I don't know how you computed your f_reconstructed, because x and f_hat have different lengths which leads to an error.

Also, please in the future paste actual code into the issue rather than a screenshot – it makes it much easier to answer your question.

Thanks very much! That helps a lot.

I am currently comparing your methods with the methods in pynfft packages with input data from #14 . By reading your codes and explanations in #14 , I am still not sure why you set N = 100000 in #14 to make the reconstruction work. If N equals the length of the input data (64), the reconstruction does not work well, and the reconstruction results are same in nfft and pynfft.

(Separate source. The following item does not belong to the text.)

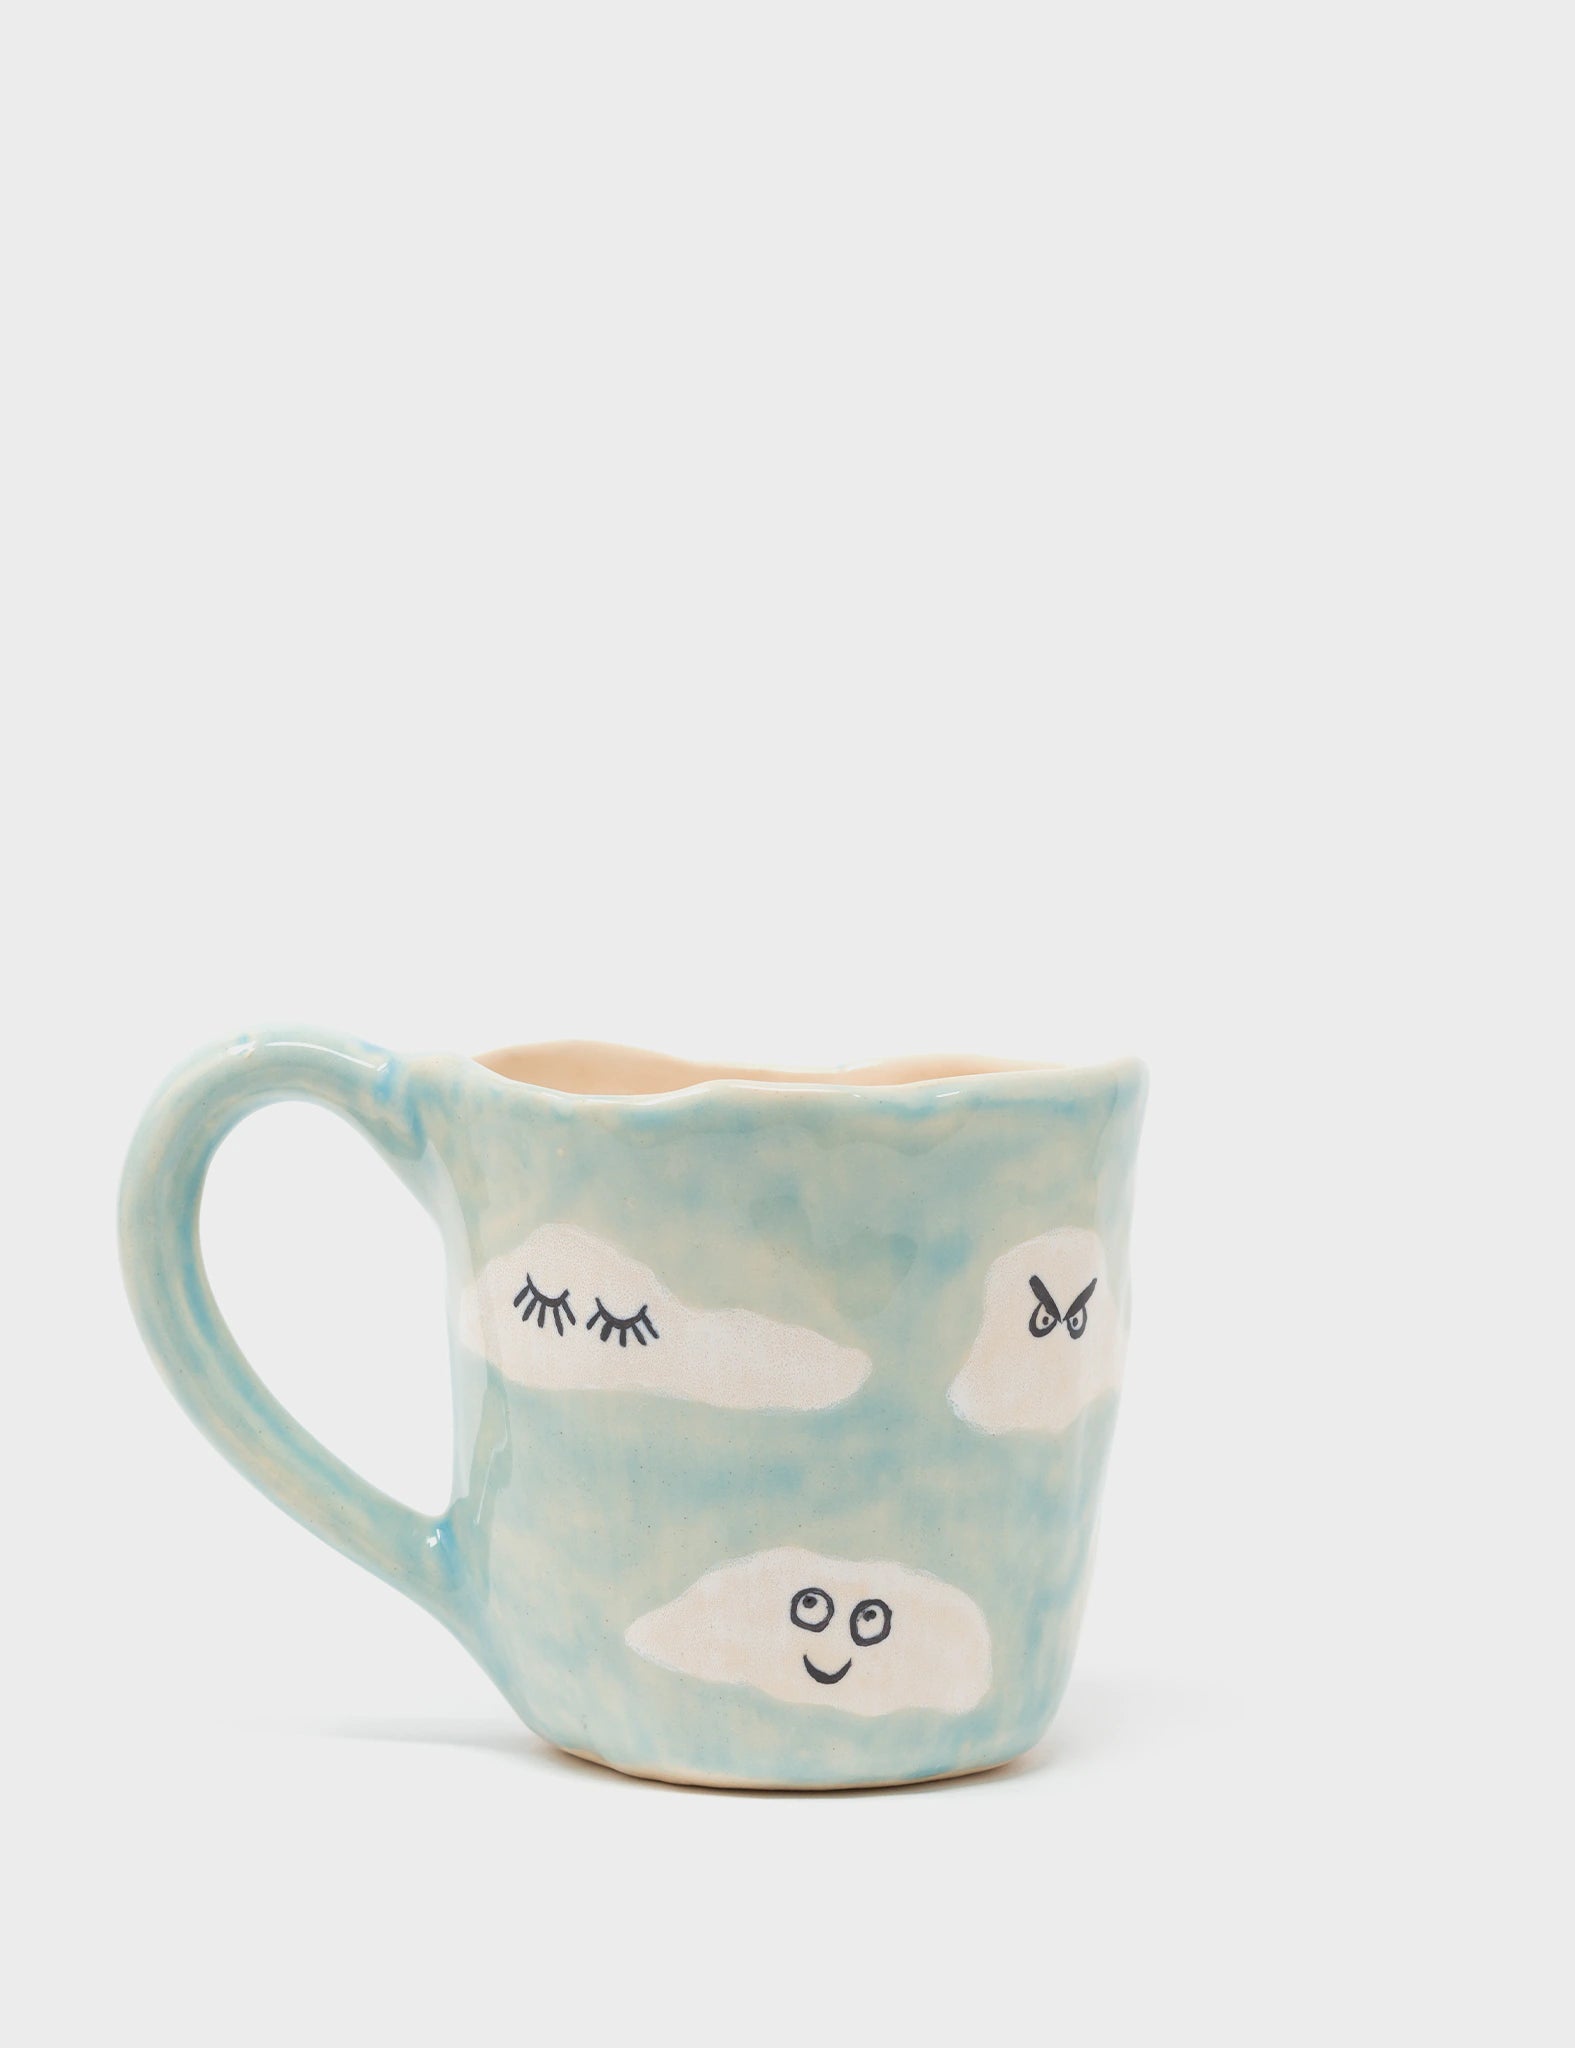 Atmospheric Attitudes - Cuttle Up Ceramic Mug

I just wonder, could you explain a little more about why we choose N = 100000? And, is there a way to reconstruct the signal correctly if we set N = 64 (the number of Fourier coefficients), cause I believe we cannot set N in the pynfft packages.

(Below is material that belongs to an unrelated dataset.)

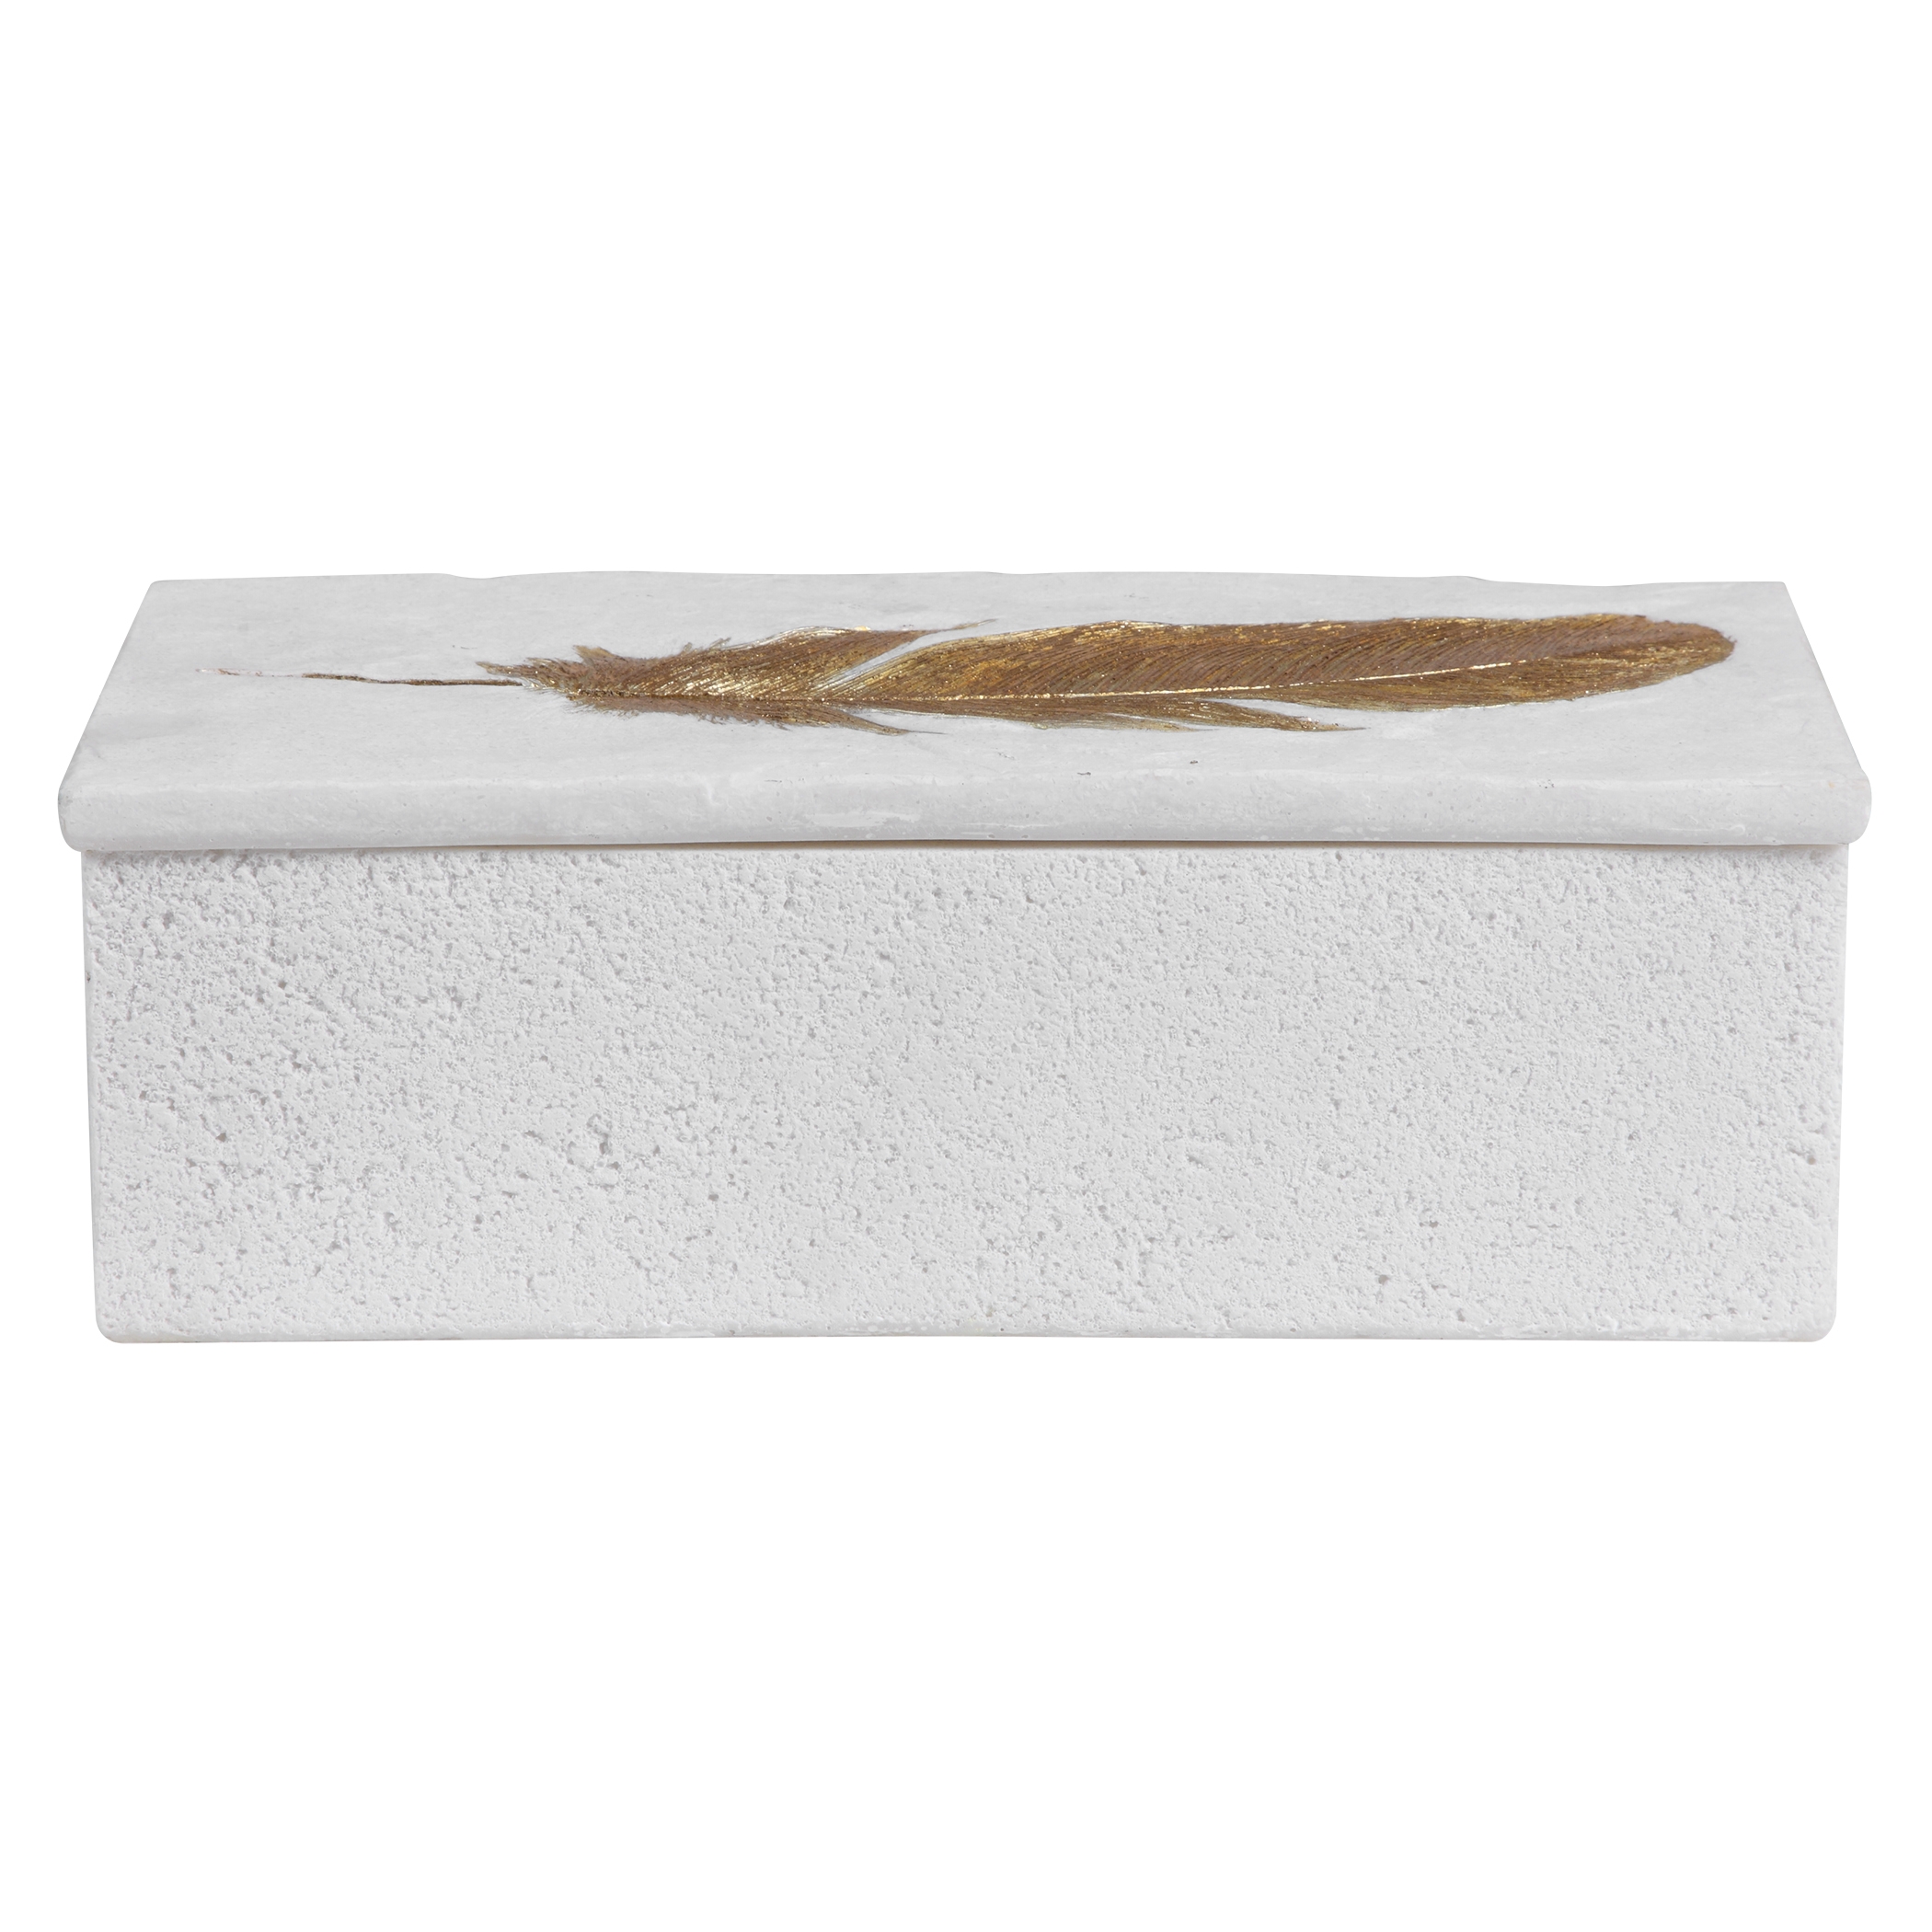 Nephele Stone Box, White - Image 1

Followings are the codes and results:

r = np.array([119.75024144, 119.77177673, 119.79671626, 119.81566188,
       119.81291201, 119.71610143, 119.24156708, 117.66932347,
       114.22145178, 109.27266933, 104.57675147, 101.63381325,
       100.42623807, 100.09436745, 100.02798438, 100.02696846,
       100.05422613, 100.12216521, 100.27569606, 100.60962812,
       101.32023289, 102.71102637, 105.01826819, 108.17052642,
       111.67848758, 114.78442424, 116.95337537, 118.19437002,
       118.84307457, 119.19571404, 119.40326818, 119.53101551,
      119.61170874, 119.66610072, 119.68315253, 119.53757829,
       118.83748609, 116.90425868, 113.32095843, 108.72465638,
       104.58292906, 101.93316248, 100.68856962, 100.22523098,
       100.08558767, 100.07194691, 100.11193397, 100.19142891,
       100.33208922, 100.5849306 , 101.04224415, 101.87565882,
       103.33985519, 105.63631456, 108.64972952, 111.86837667,
       114.67115037, 116.69548163, 117.96207449, 118.69589499,
       119.11781077, 119.36770681, 119.51566311, 119.59301667])

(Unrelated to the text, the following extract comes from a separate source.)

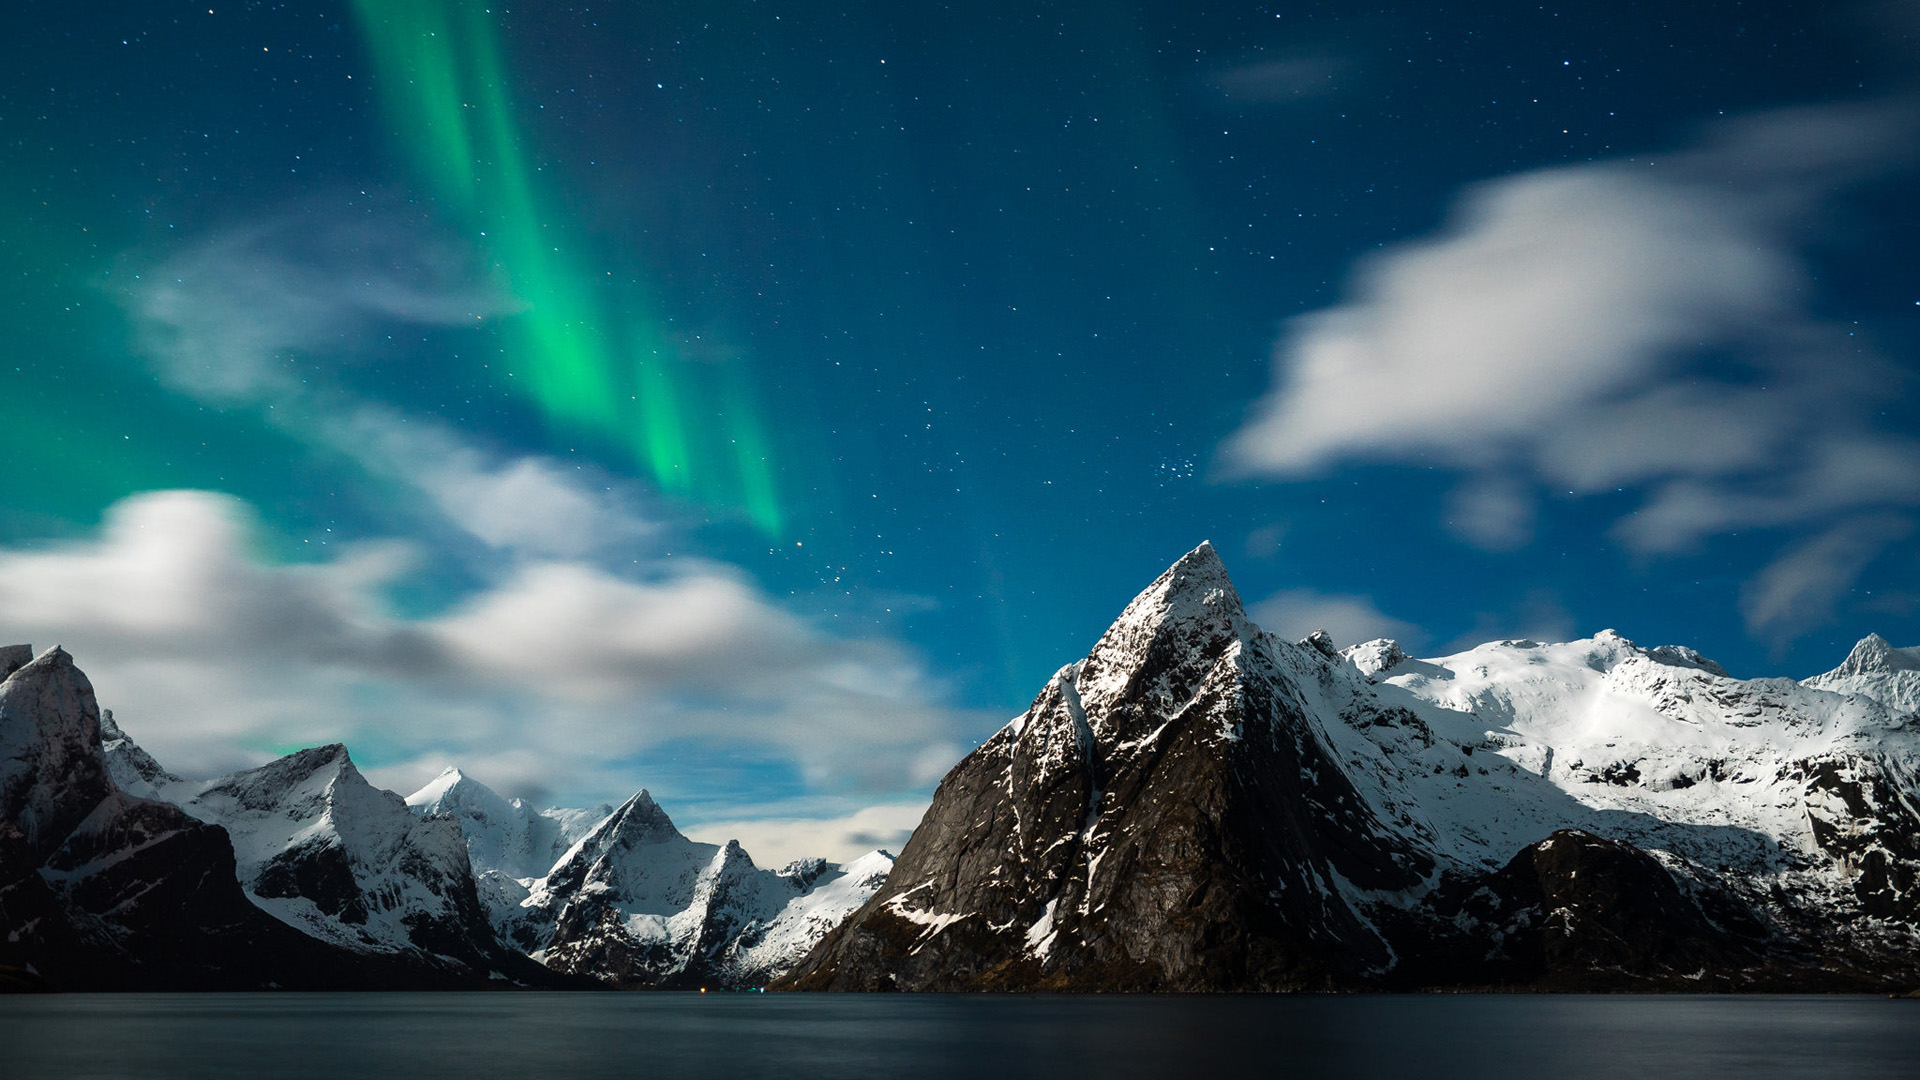 挪威,雪山,湖水,天空,北极光,星星,风景桌面壁纸

z = np.array ([-422.05230434, -408.98182253, -395.78387843, -382.43143962,
       -368.92341485, -355.26851343, -341.47780372, -327.56493425,
       -313.54536462, -299.43740189, -285.26768576, -271.07676026,
      -256.92098157, -242.86416227, -228.95449427, -215.207069  ,
       -201.61590575, -188.17719265, -174.89201262, -161.75452196,
       -148.74812279, -135.85126854, -123.04093538, -110.29151714,
       -97.57502515,  -84.86119278,  -72.1145478 ,  -59.2947726 ,
        -46.36450604,  -33.29821629,  -20.08471733,   -6.72030326,
          6.80047849,   20.48309726,   34.32320864,   48.30267819,
         62.393214  ,   76.56022602,   90.76260159,  104.94787451,
        119.04731699,  132.98616969,  146.71491239,  160.23436159,
       173.58582543,  186.81849059,  199.96724955,  213.05229133,
       226.08870416,  239.09310452,  252.08377421,  265.0769367 ,
        278.08234368,  291.10215472,  304.13509998,  317.18351924,
        330.25976991,  343.38777732,  356.59626164,  369.90725571,
        383.33109354,  396.87227086,  410.5309987 ,  424.28994387])


def shifted(x):
    """Shift x values to the range [-0.5, 0.5)"""
    return -0.5 + (x + 0.5) % 1


#experiment with nfft package
N = 100000
length = r.shape[0]
r_hat = nfft.nfft_adjoint(z, r, 64)

r_reconstructed = nfft.nfft(z, r_hat)

plt.plot(z, r, '.', color='blue')
plt.plot(z, r_reconstructed, '-', color='red')

#experiment with pynfft package


plan = NFFT([length],length)

plan.x = shifted(z)

plan.precompute()
plan.f = r
f_hat = plan.adjoint()

plan.f_hat = f_hat
f_reconstructed  = plan.trafo() 

print(LA.norm(r_reconstructed-f_reconstructed,2))

See the explanation in #14 (comment)

Thank you!

Does that mean we cannot reasonably reconstruct those signals with the band-limited frequency representation?

Therefore, to make the reconstruction results reasonable, maybe I have to find a way to set the a wider frequency grid in pynfft as well.

That's correct: in general it is not possible to perfectly represent N unequally-spaced data points with an N-term Fourier series.